*Source data*.
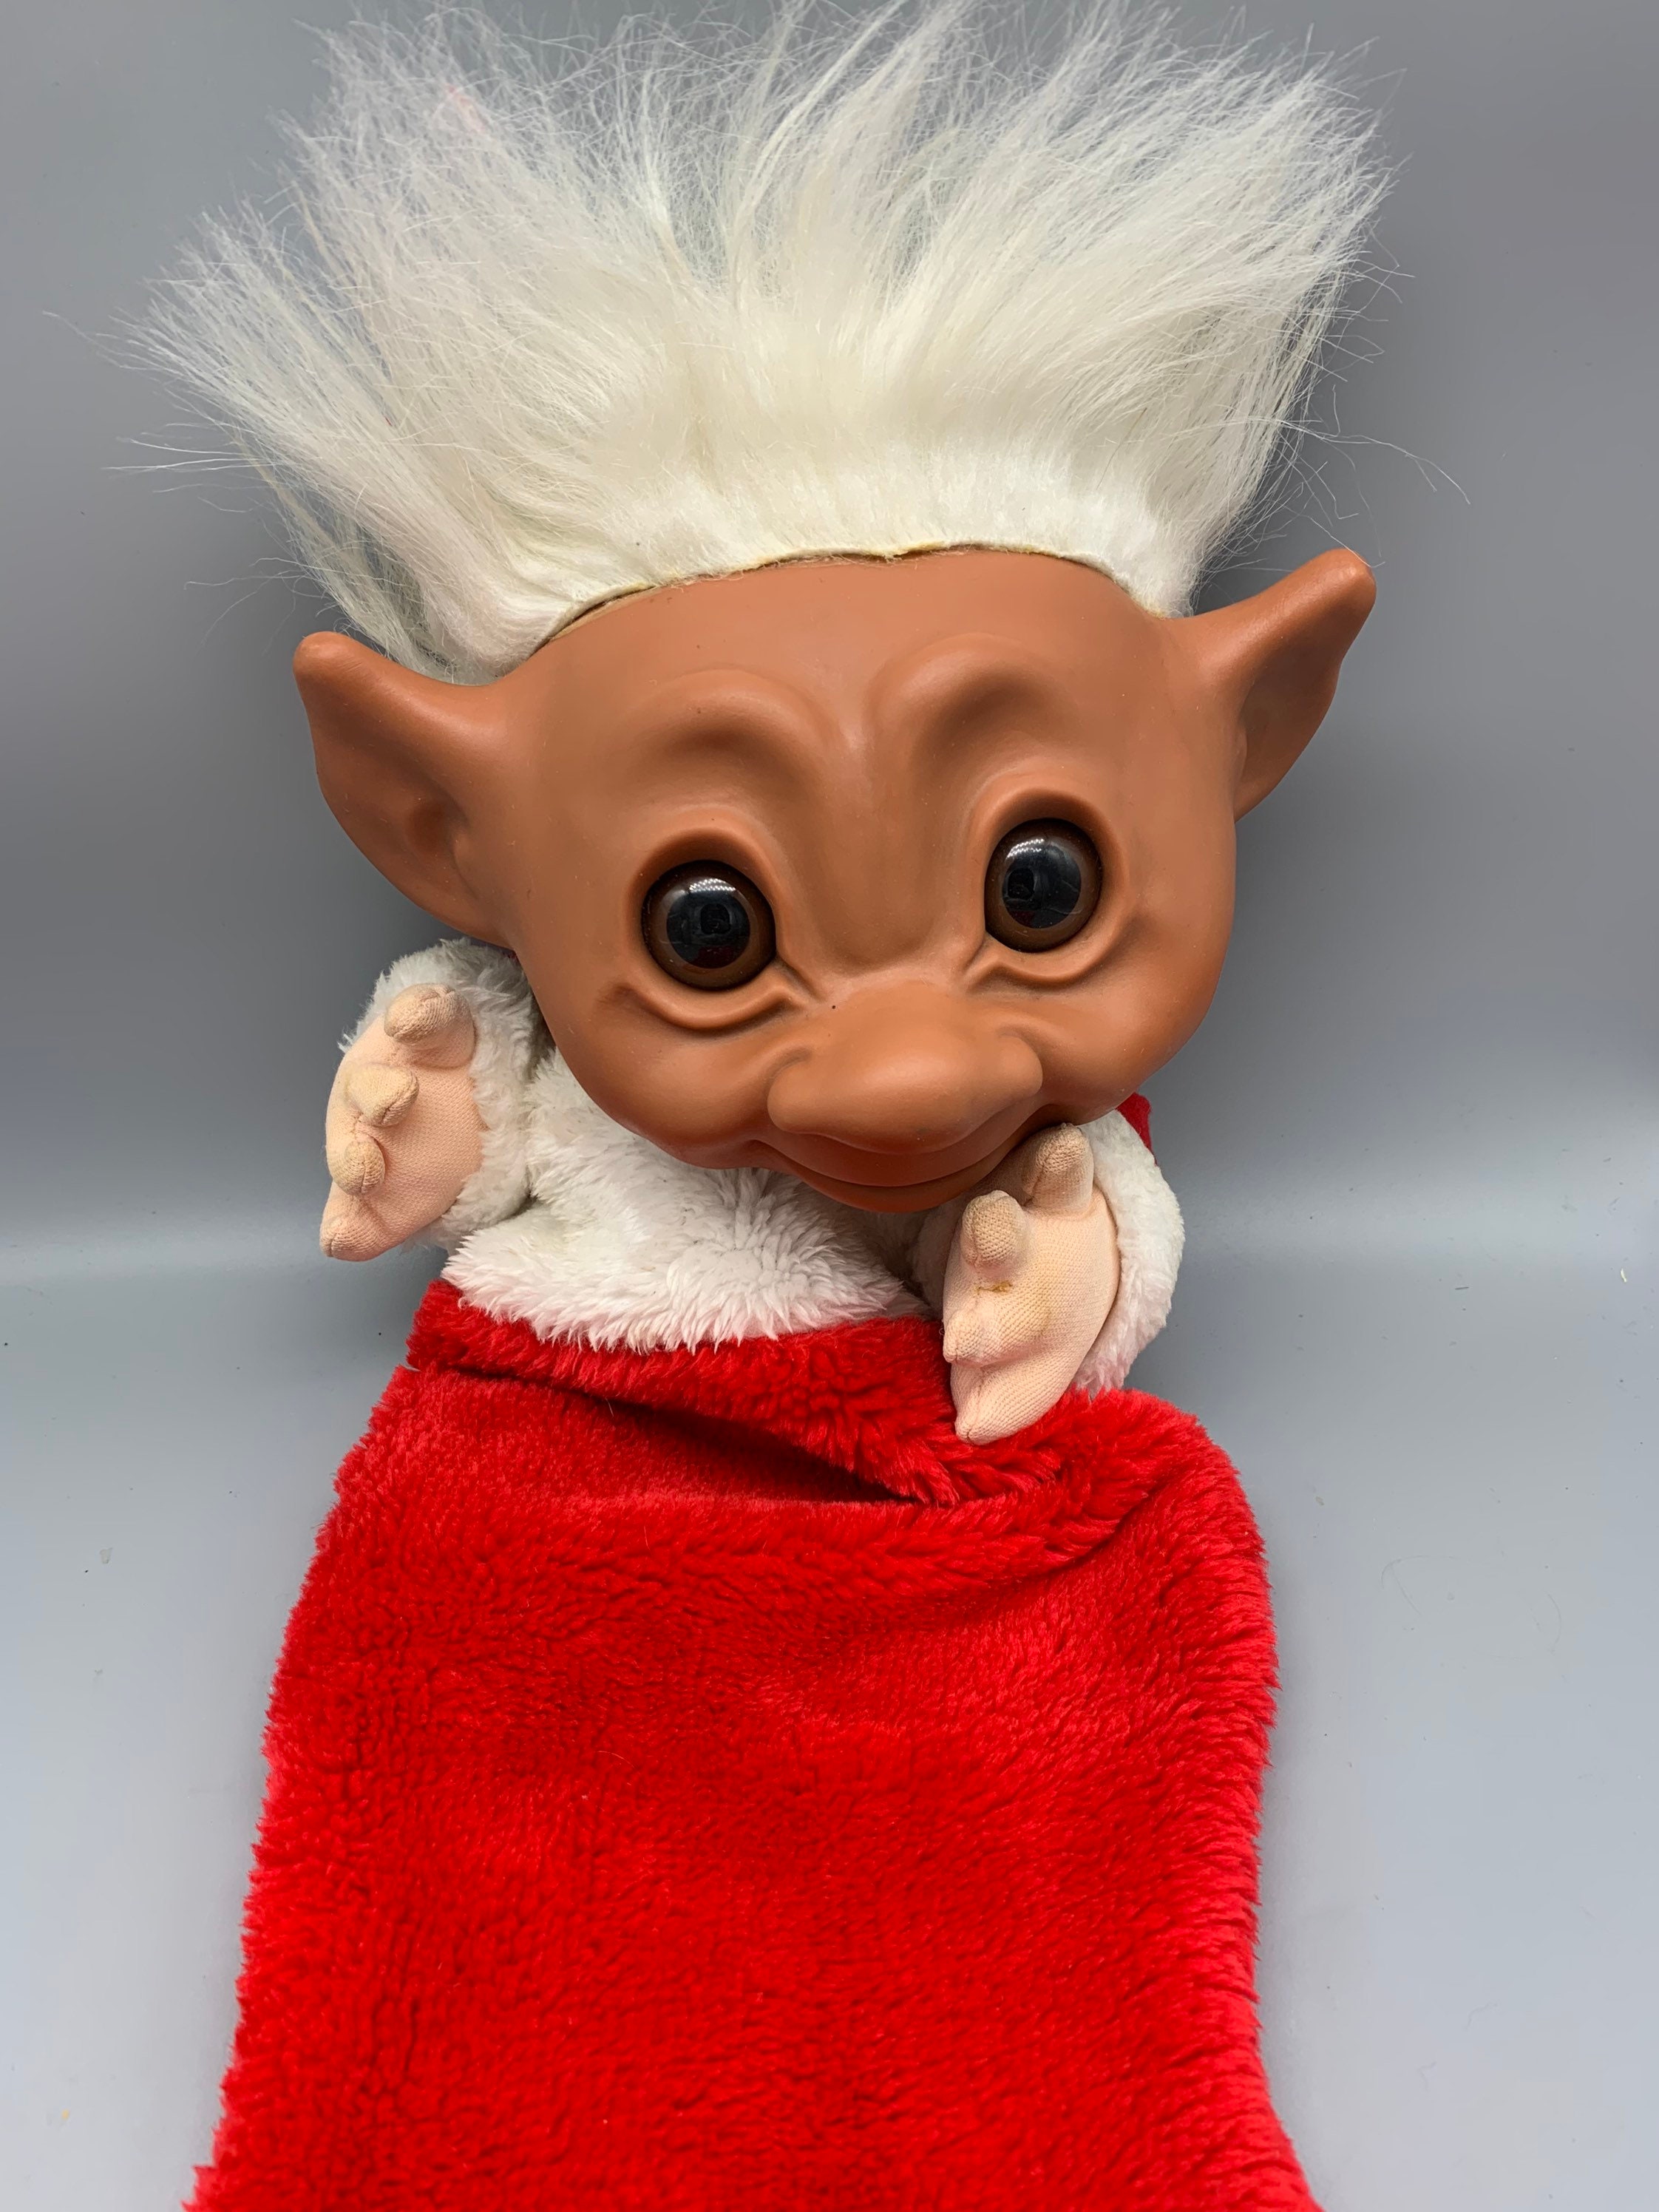 Troll Doll Christmas Stocking red Plush With White Hair Smiling Rubber Head  and Red Stocking With Hands Grasping, Vintage Trolls DAM 
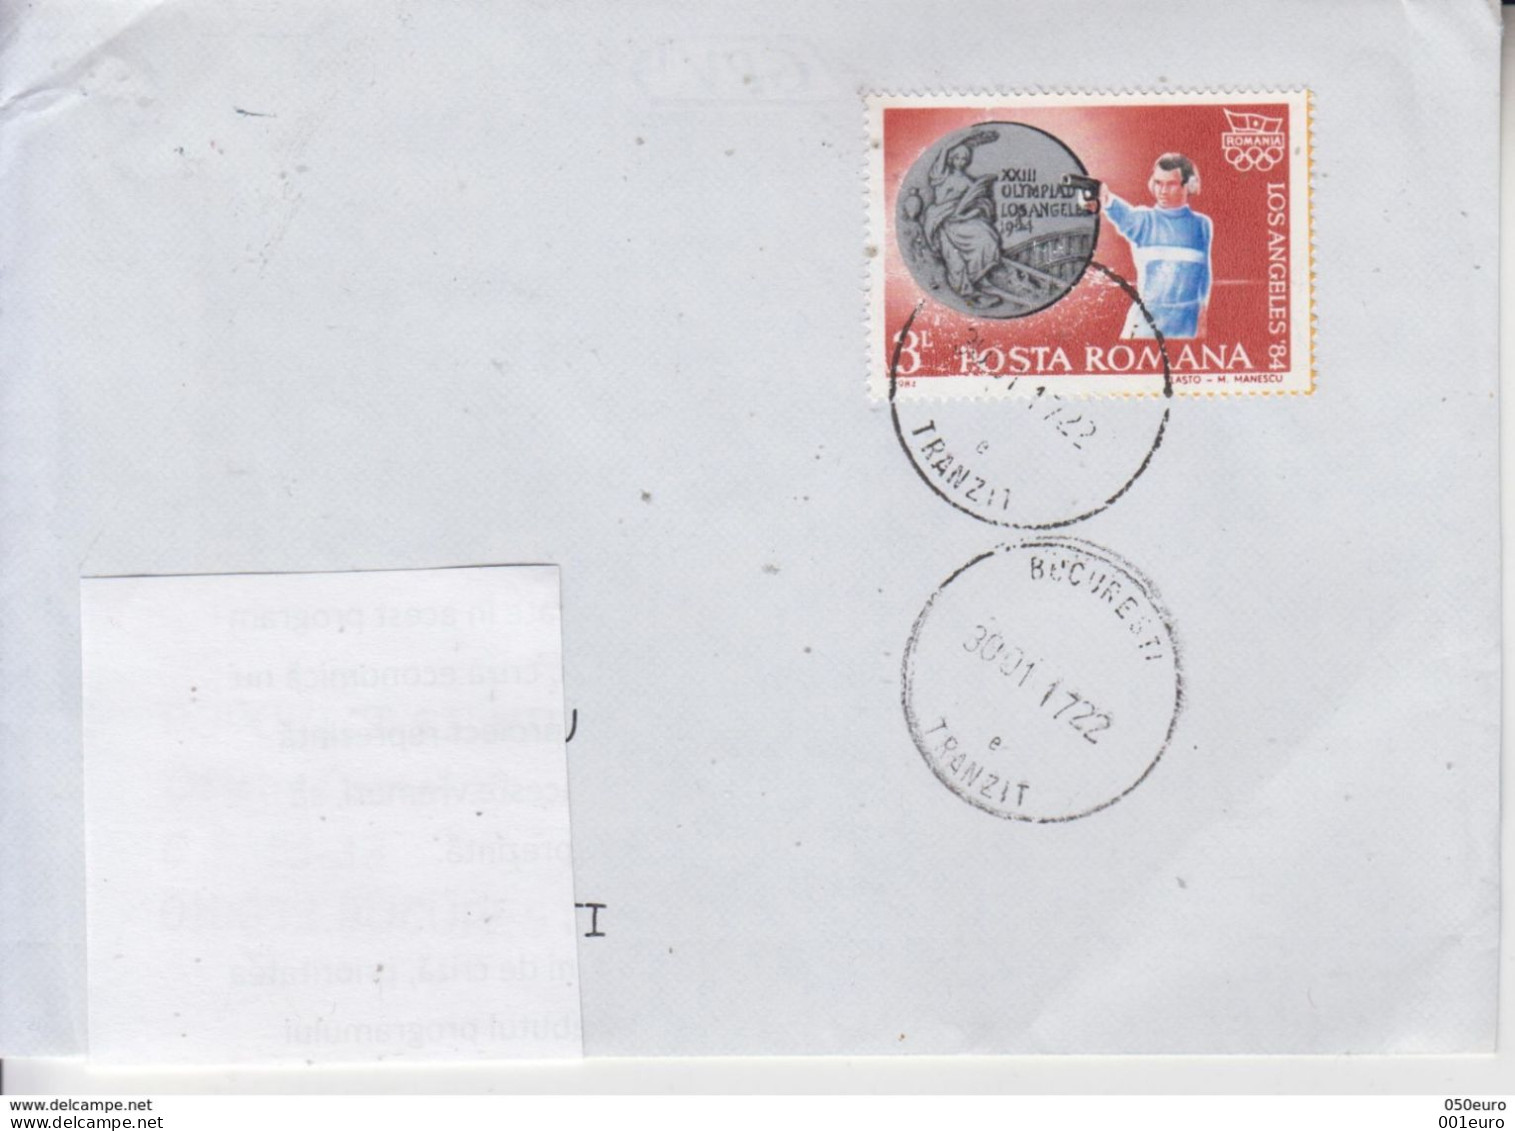 ROMANIA: LOS ANGELES OLYMPIADE - PISTOL SHOOTING On Cover Circulated In ROMANIA #427814367 - Registered Shipping! - Covers & Documents
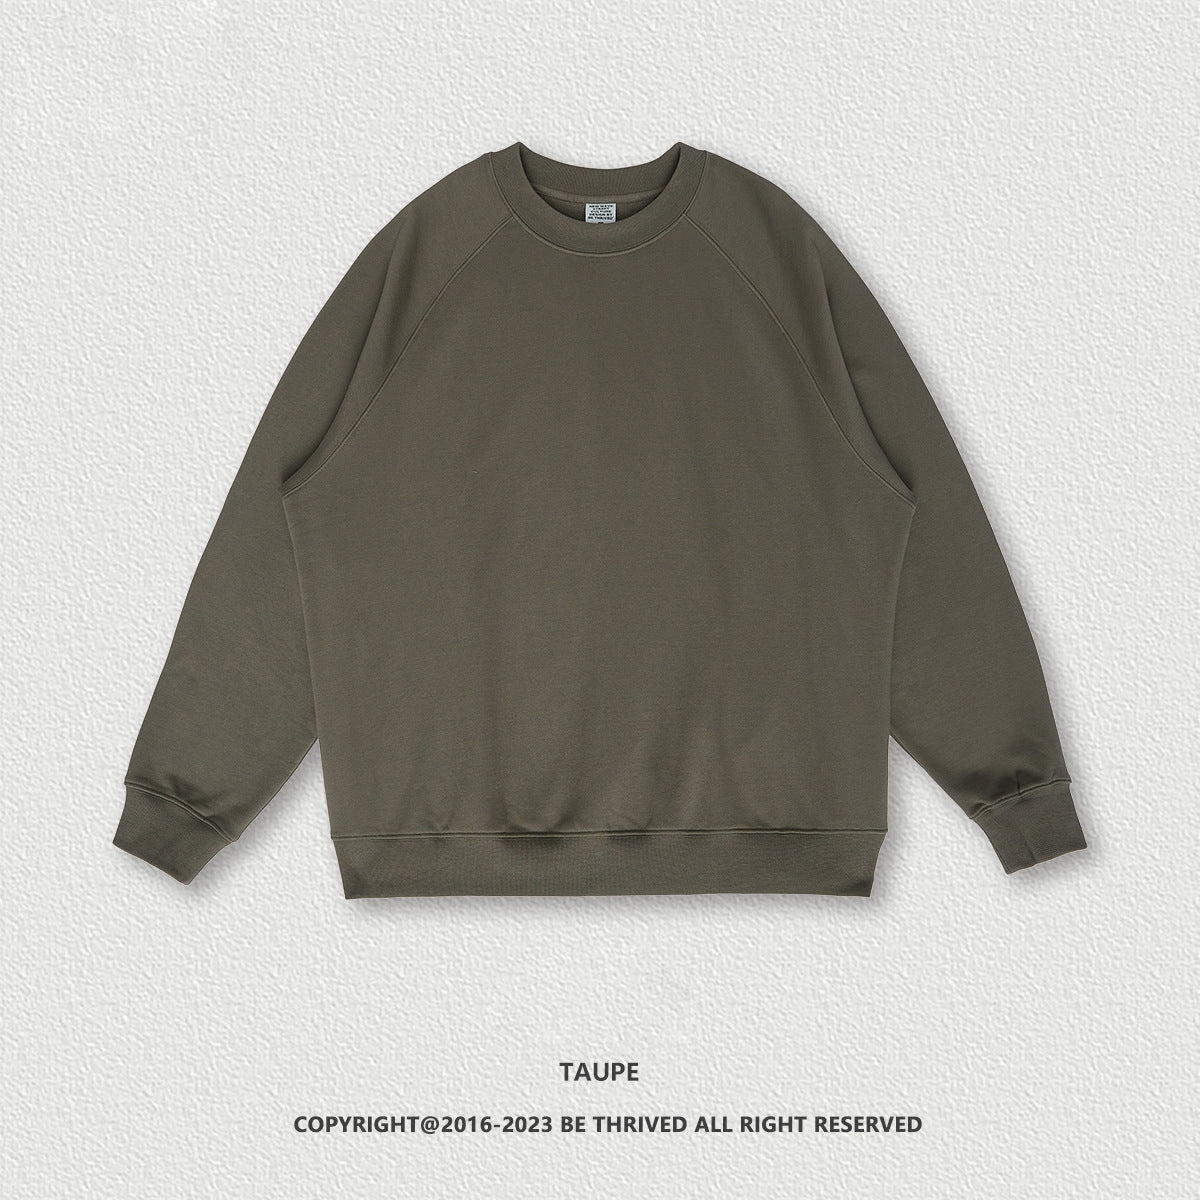 W0009 445GSM Autumn American fashion brand horn sleeve hoodies earth color loose solid color round neck sweatshirt men
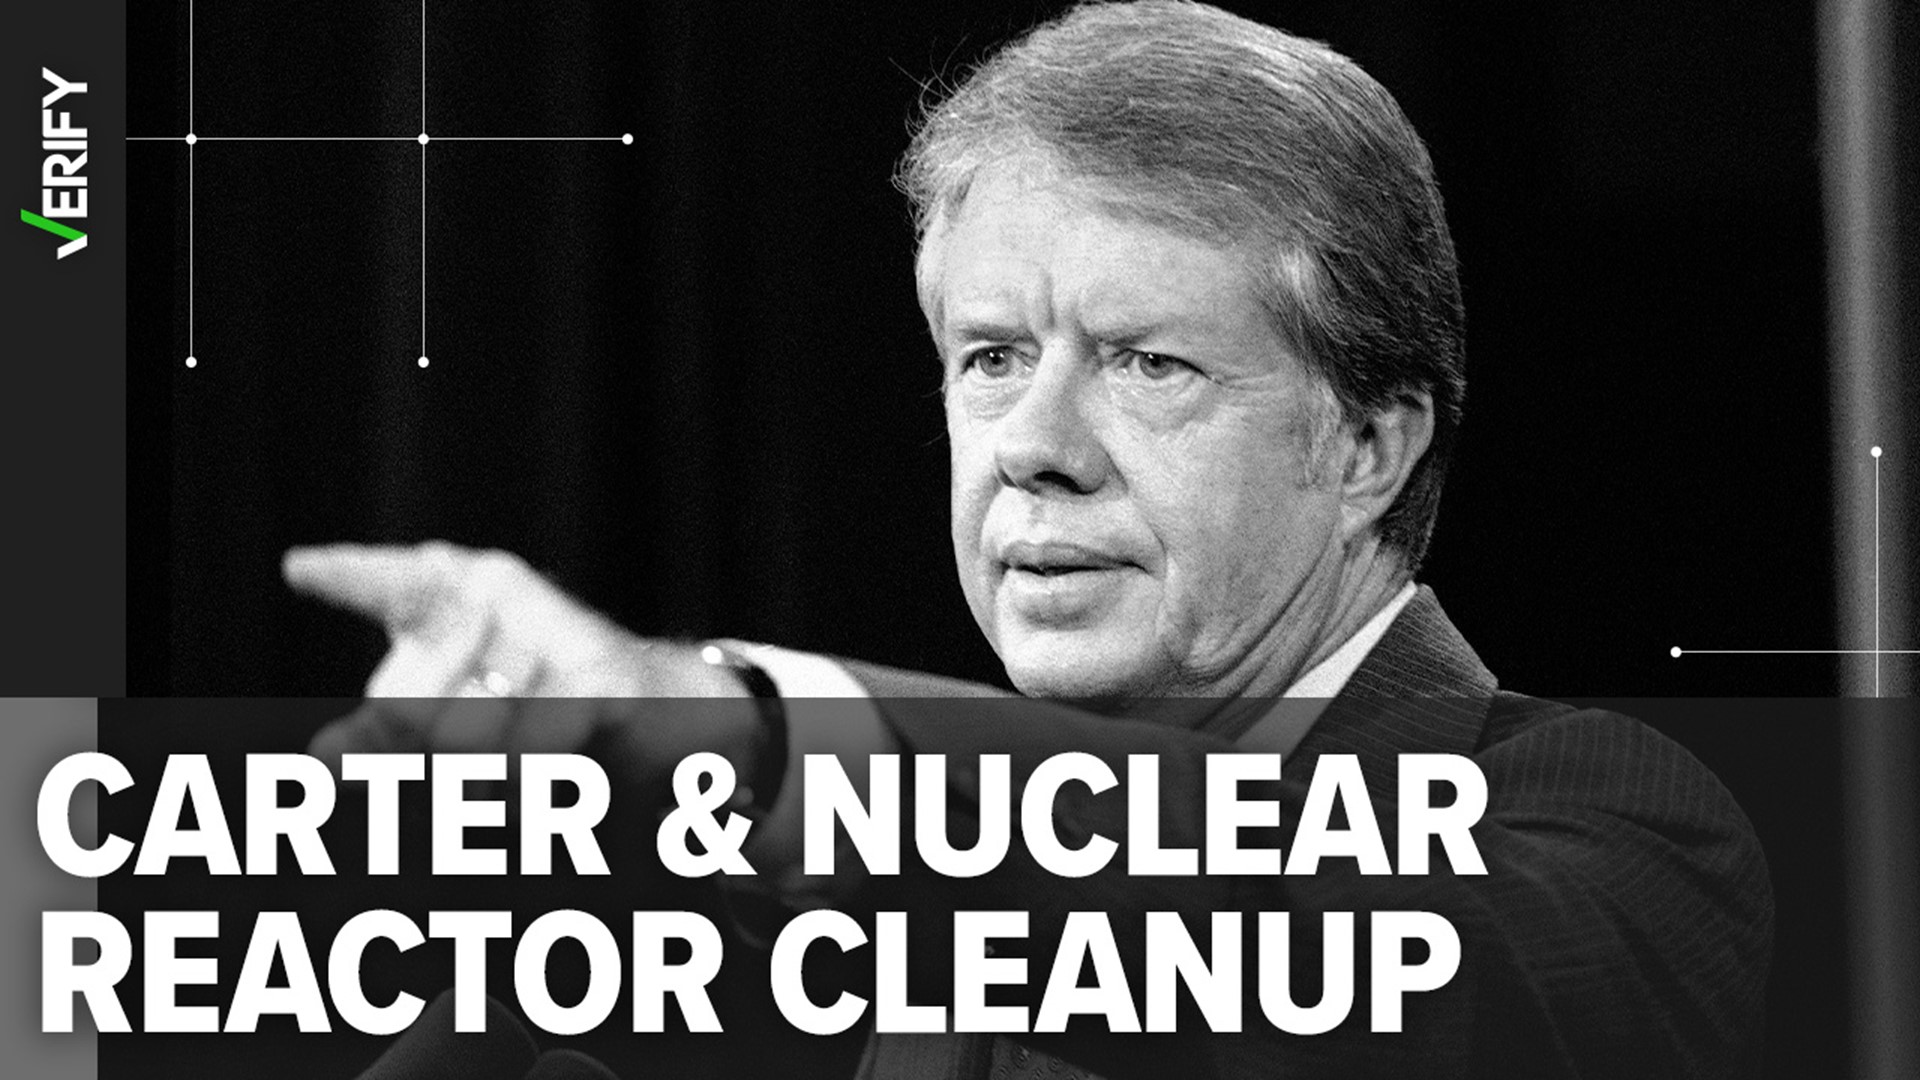 In 1952, a nuclear reactor partially melted down in Canada. Then-U.S. Navy Lt. Jimmy Carter led a team of men to help with cleanup efforts.

*About this task*. Output, exactly and only: the line containing "ROMANIA: LOS ANGELES", the last line of the listing above, and every line in between. Leave the pictures out.

*Response*.
 ROMANIA: LOS ANGELES OLYMPIADE - PISTOL SHOOTING On Cover Circulated In ROMANIA #427814367 - Registered Shipping! - Covers & Documents
 W0009 445GSM Autumn American fashion brand horn sleeve hoodies earth color loose solid color round neck sweatshirt men
 In 1952, a nuclear reactor partially melted down in Canada. Then-U.S. Navy Lt. Jimmy Carter led a team of men to help with cleanup efforts.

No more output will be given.